Cada cien metros, un mundo

Luís Pousa Rodríguez
Luís Pousa CRÓNICAS CORUÑESAS

A CORUÑA

MARCOS MÍGUEZ

Será un martes extraño, un martes disfrazado de lunes, sin nativos ataviados con lo primero que encontraron al abrir el armario

16 feb 2021 . Actualizado a las 19:16 h.

En algún universo paralelo, hoy es martes de carnaval y nos disponemos a bajar la calle de la Torre desde el campo de Marte hasta San José, como cada invierno, en uno de esos sagrados rituales laicos que hacen la vida soportable a los que nos hemos quedado sin más liturgias que las de andar por casa.

No habrá choqueiros esta tarde en la esquina frente a la confitería París, donde las placas del Arlington coruñés recuerdan a los grandes de nuestro entroido. Será un martes extraño, un martes disfrazado de lunes, sin nativos ataviados con lo primero que encontraron al abrir el armario. Cuando el tipo con cuernos de bisonte se sentó el día de Reyes en la presidencia del Senado de Estados Unidos, corrió un murmullo por Monte Alto:

-É un dos nosos.

Habían reconocido en Yellowstone Wolf, el que asaltó el Capitolio con el pecho al aire y sus pieles de Thoreau pilladas en Ali Express, a uno de los suyos. Los choqueiros habían tomado el templo de la democracia en Washington. El problema es que no eran choqueiros de verdad, sino unos memos disfrazados de choqueiros, que no es lo mismo y, lo que es peor, no tiene ninguna gracia.

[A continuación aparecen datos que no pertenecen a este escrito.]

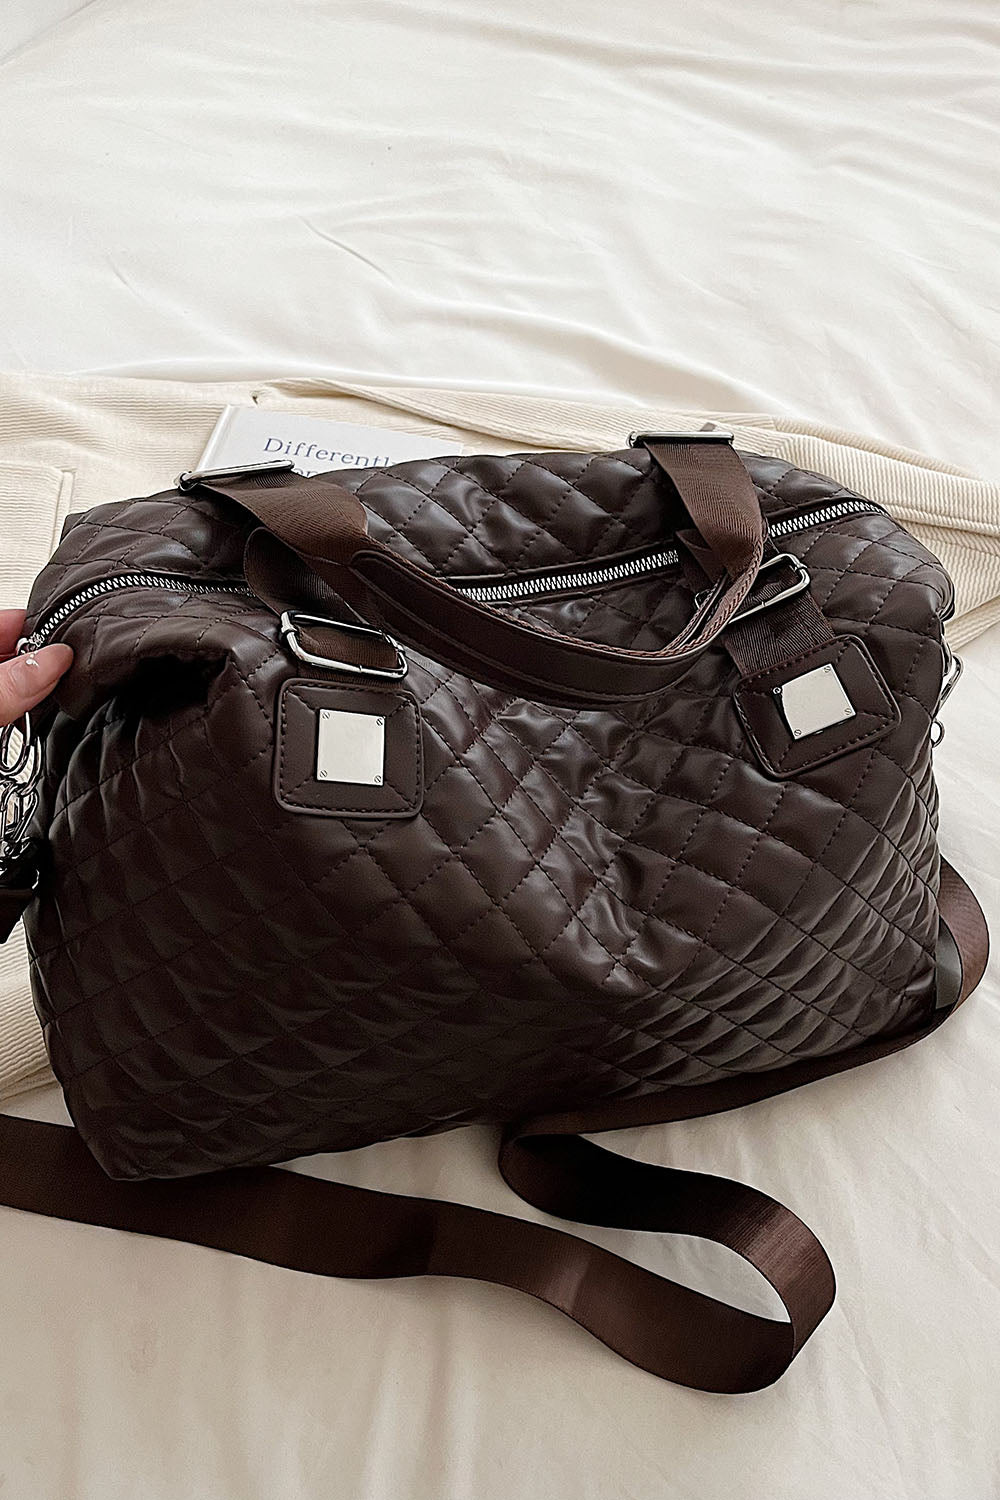 PU Leather Handbag - Fashion Girl Online Store

Lo único que les gusta asaltar a los choqueiros, cuando las pandemias no lo impiden, es el campo da Leña, y de buen rollo, como mucho agrediendo a los transeúntes con una pistola de agua o uno de esos espráis de los chinos que chiringan espuma.

Volverán los choqueiros, por el entroido del 2022, y haremos una larga reverencia a Os Maracos, Monte Alto a 100 y los Kilomberos. Y descubriremos de nuevo que cuando el gran Roberto Bolaño escribió aquello de «cada cien metros, cambia el mundo» estaba pensando en la calle de la Torre y en los cien mundos que convergen en un solo metro cada martes de carnaval.